Meng Fanqi

Personal information
- Nationality: China
- Born: 18 September 1998 (age 27) Jilin, China

Sport
- Sport: Biathlon
- Club: Changchun Winter Sports

Medal record
Women's biathlon
Representing China
Asian Games
| Silver medal – second place | 2025 Harbin | Sprint |
Youth Olympic Games
| Gold medal – first place | 2016 Lillehammer | Single mixed relay |
Junior World Championships
| Gold medal – first place | 2019 Osrblie | 12.5 km individual |

= Meng Fanqi =

Chinese biathlete (born 1998)

Meng Fanqi (孟繁棋 (Mèng Fánqí); born 18 September 1998) is a Chinese biathlete. She competed in the 2022 Winter Olympics.

==Career==
Meng started biathlon in 2013. Meng won a gold medal in the single relay at the 2016 Winter Youth Olympics.
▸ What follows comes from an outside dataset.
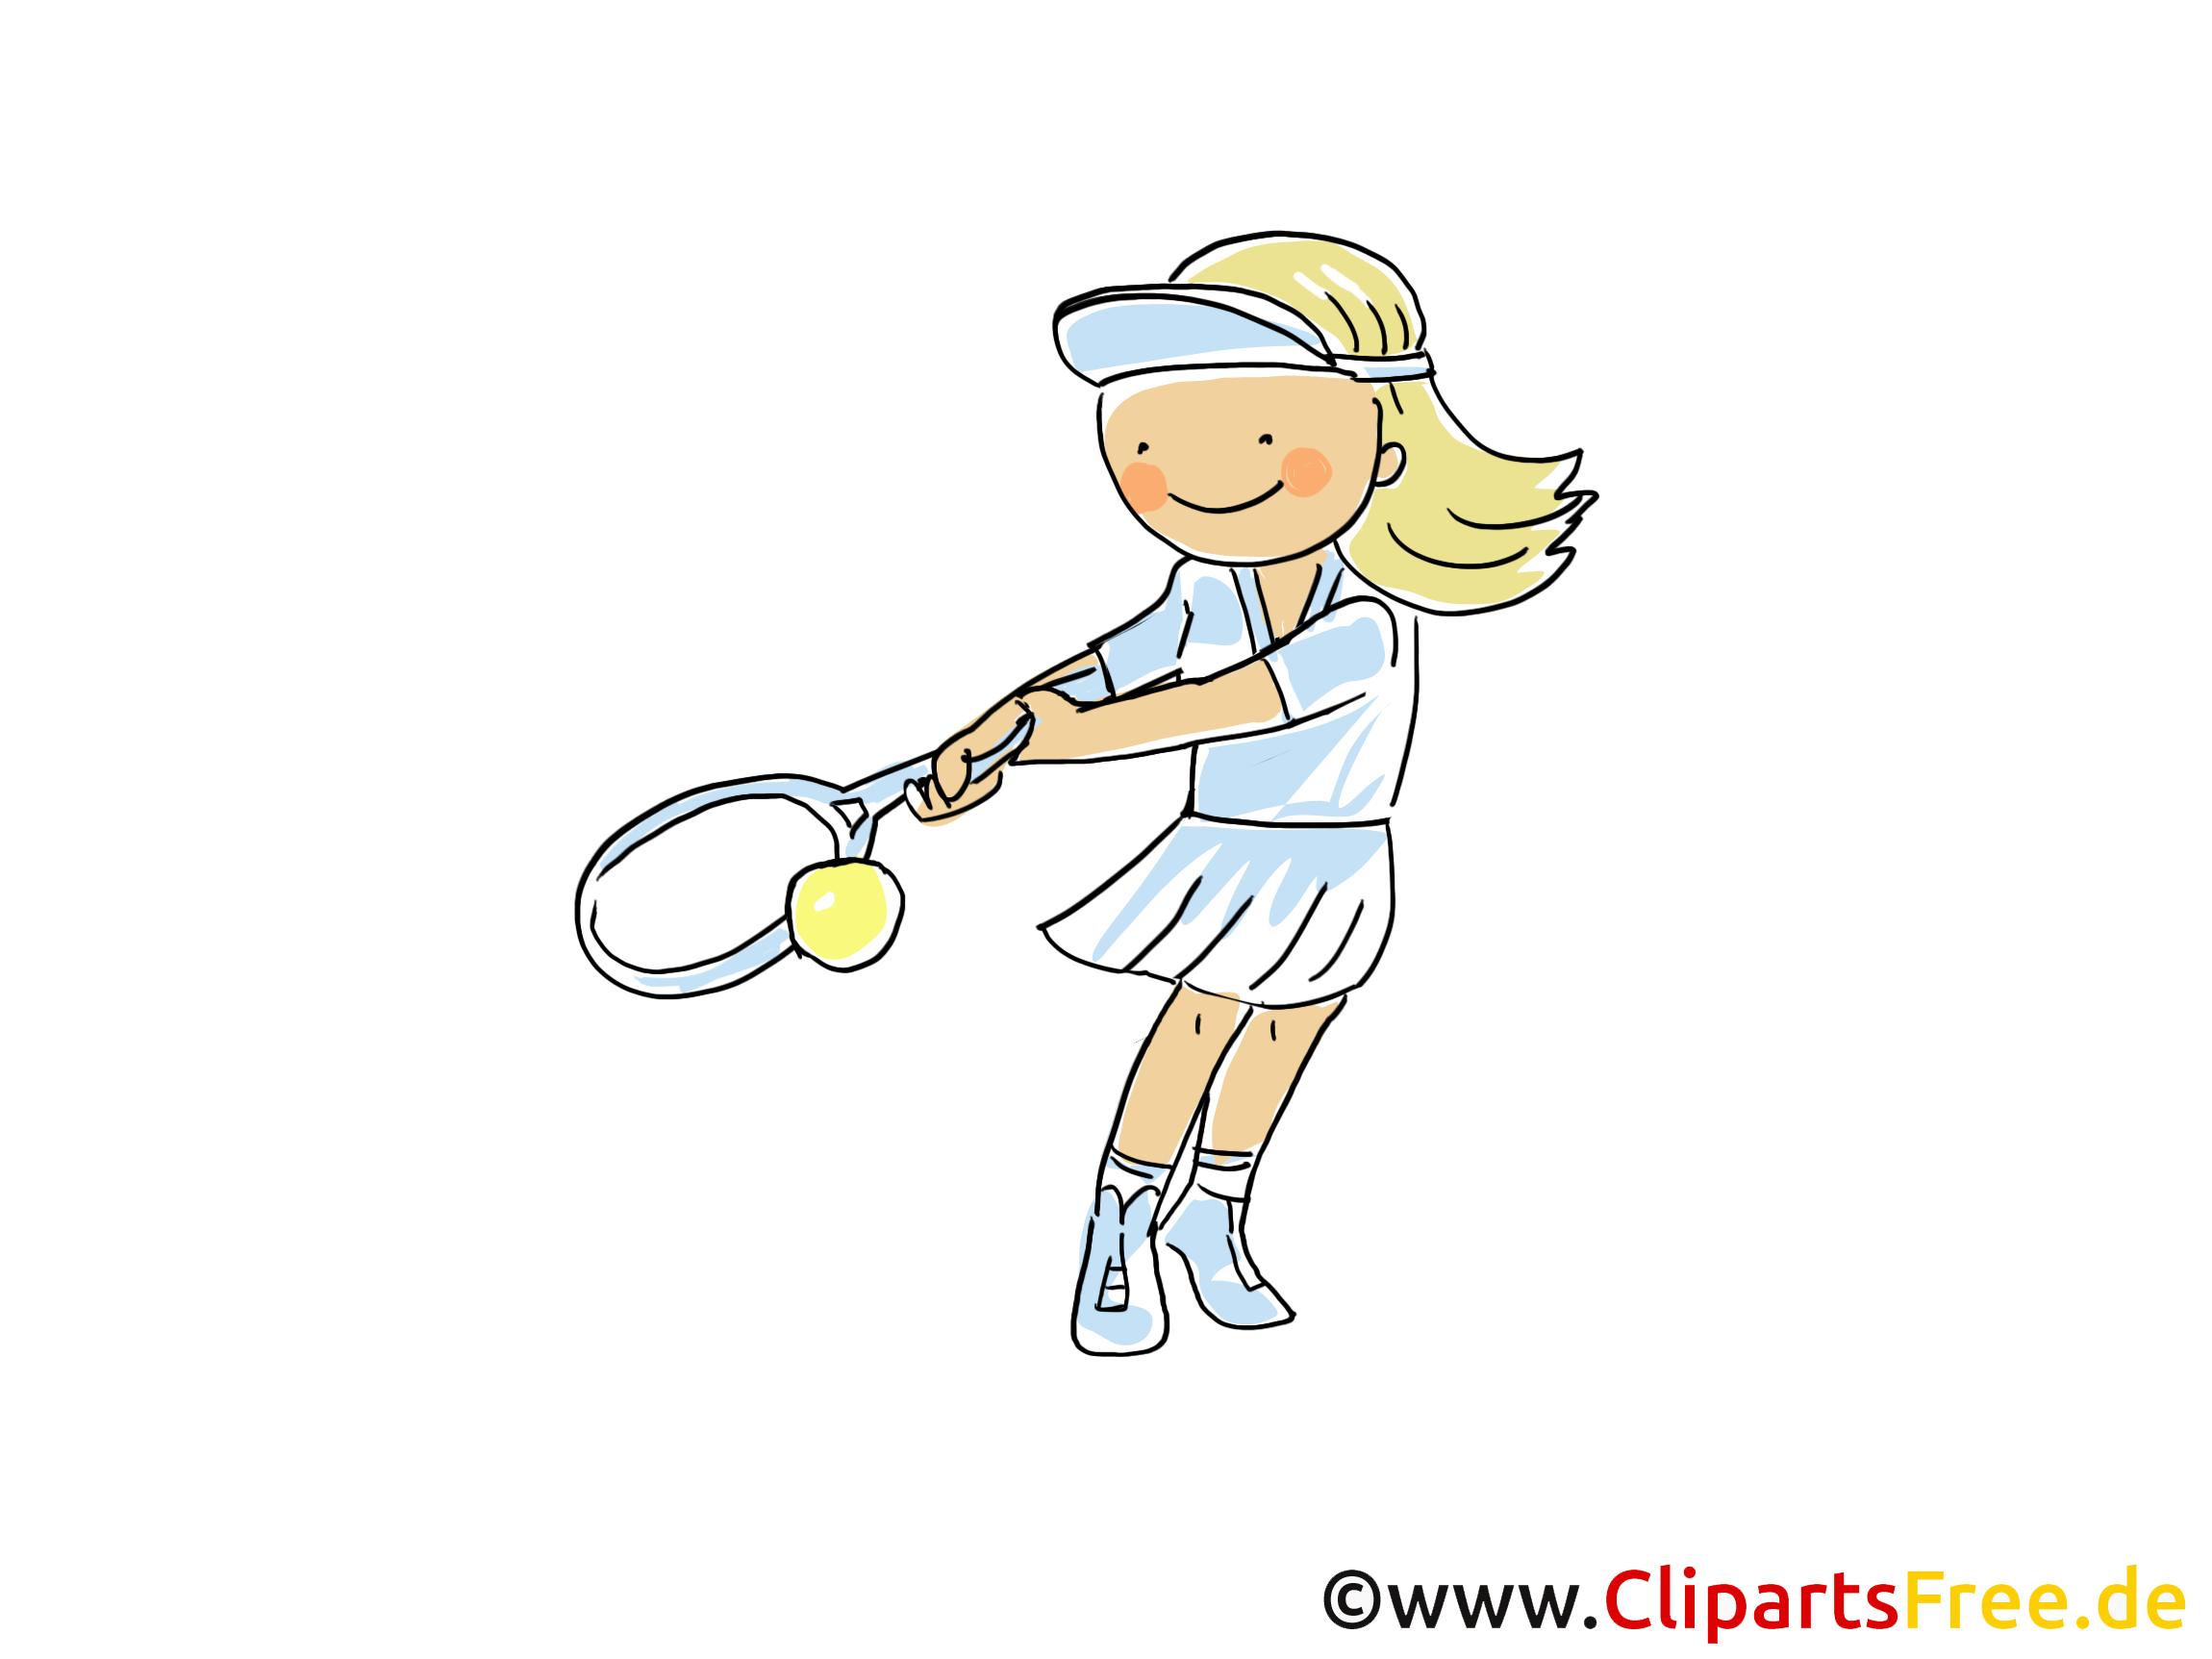 Tennis spielen Bild, Cliparts Sport, Comic, Cartoon, Image gratis.

She also won a gold medal at the 2019 Junior World Championships in the individual event. She competed in multiple biathlon events at the 2022 Winter Olympics. She was part of the Chinese team in the mixed relay, placing 15th out of 20 teams. She placed 47th in the individual event, 62nd in the sprint, and 12th with the Chinese team in the women's relay.
==Biathlon results==
All results are sourced from the International Biathlon Union.

===Olympic Games===
0 medals

| Event | Individual | Sprint | Pursuit | Mass start | Relay | Mixed relay |
|---|---|---|---|---|---|---|
| China 2022 Beijing | 47th | 62nd | — | — | 12th | 15th |
| Italy 2026 Milano Cortina | 26th | 48th | 39th | — | — | — |

===World Championships===
0 medals

| Event | Individual | Sprint | Pursuit | Mass start | Relay | Mixed relay | Single mixed relay |
|---|---|---|---|---|---|---|---|
| AUT 2017 Hochfilzen | 91st | 71st | — | — | — | — | — |
| SWE 2019 Östersund | 41st | 64th | — | — | 17th | — | — |
| ITA 2020 Rasen-Antholz | — | 39th | 50th | — | 16th | — | — |

- During Olympic seasons competitions are only held for those events not included in the Olympic program.
  - The single mixed relay was added as an event in 2019.